Boyle and Hodges get a lot of mileage out of revisiting the glory of their youth and invite the characters to do the same. Spud remembering him and Renton running from security guards is portrayed in a few snatched images and evocative bars of Born Slippy. This speaks both to where the character is and, fantastically, where we the audience are. Boyle uses our own nostalgic connection to the original movie as shorthand for his character’s emotional state. Renton’s famous Choose Life speech gets repurposed from the youthful anti-establishment call to arms of the original, to a soberer lament of frustration: –

 

“Choose unfulfilled promises and wishing you’d done it all differently. Choose never learning from your own mistakes. Choose watching history repeat itself. Choose the slow reconciliation towards what you can get, rather than what you’ve always hoped for. Settle for less and keep a brave face on it.
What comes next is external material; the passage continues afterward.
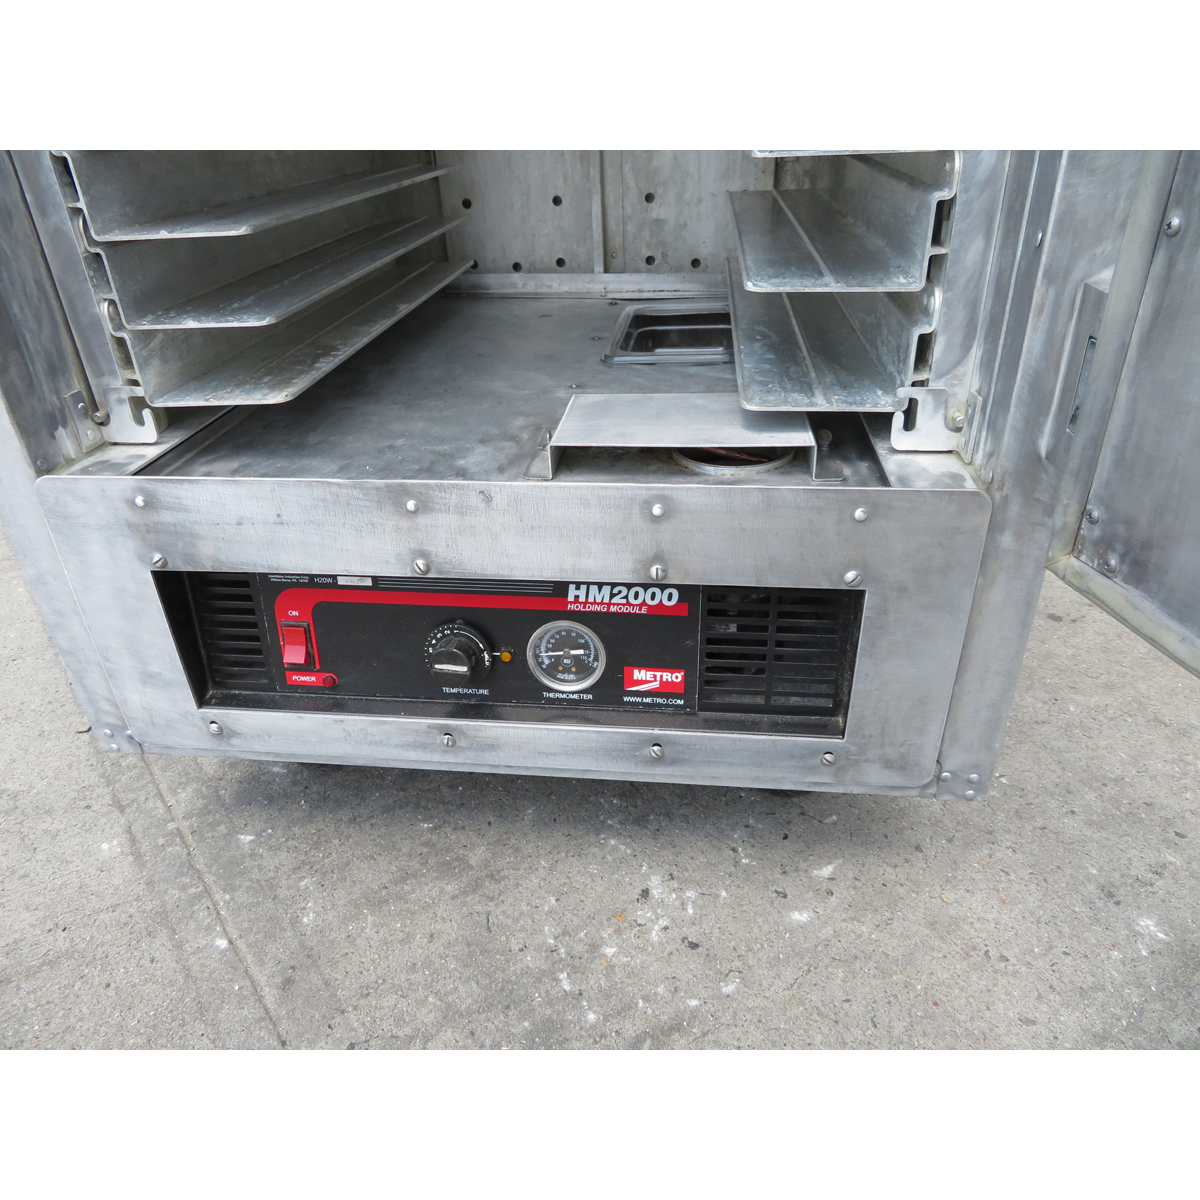 Metro C199-HM2000 Heating Cabinet Food Warmer, Used Excellent Condition image 5

Choose disappointment and choose losing the ones you love, then as they fall from view, a piece of you dies with them until you can see that one day in the future, piece by piece, they will all be gone and there will be nothing left of you to call alive or dead. Choose your future, Veronica. Choose life.”

 

If Trainspotting was the addict in full flow, seeking hit after hit, T2 is the addict in recovery; taking stock of your life and seeing whether you can move forward. Spud gradually becomes the hero of the movie, as he replaces heroin with writing stories of the gang’s early days, which in a lovely touch, are pulled almost verbatim from the original novel. This suggest not only a life outside the narrative for these characters, but hints at the life changing power of turning experience into art.

 

T2’s thesis is that we must confront the things we’ve done and the people we’ve hurt, or risk never moving past them at all. Boyle visualizes this by using brief, instinctive freeze frames when a character indulges in behavior they are in a set cycle of, such as Begbie lashing out at his lawyer or Spud taking a hit. As the narrative progresses down its path of recovery, these freeze frame morph into something of a motif; occurring during scenes of friendship and genuine emotion, suggesting the lasting benefits of reconnection.

 

Do did we really need a sequel to a twenty-year-old movie about junkies in Edinburgh? Absolutely. T2 is a vibrant and mature examination of ageing; of finding a place in the world, and more importantly, a place in your own life. It’s about nostalgia and our relationship with our own youth. It’s about the creative process and how art imitates life and life inspires art. It’s about growing up and finding what you got from your life isn’t what you wanted. It’s about the nature of friendship and how only those you grew up with can really know you. It’s about embracing change, but accepting that parts of you stay the same. It’s about not being afraid to return home, how its ok to take a step back before moving forward.

 

At the end of the movie, Renton goes to his childhood bedroom, shuts the door, and puts on a remix of Lust for Life. As he dances in the same manner as the opening of the first film, we know he’ll be ok and we will too. Things change, and the things that you thought wouldn’t change always do, and that’s ok. You’re still here, we’re still here. We’re just dancing a different beat to the same song. Looking backwards can provide new opportunities and help us process all manner of life experience. There is joy to be found in old friendships and familiar places. If a former addict can find happiness in being alive, maybe we can too.

 

T2: Trainspotting is out now on DVD and Bluray.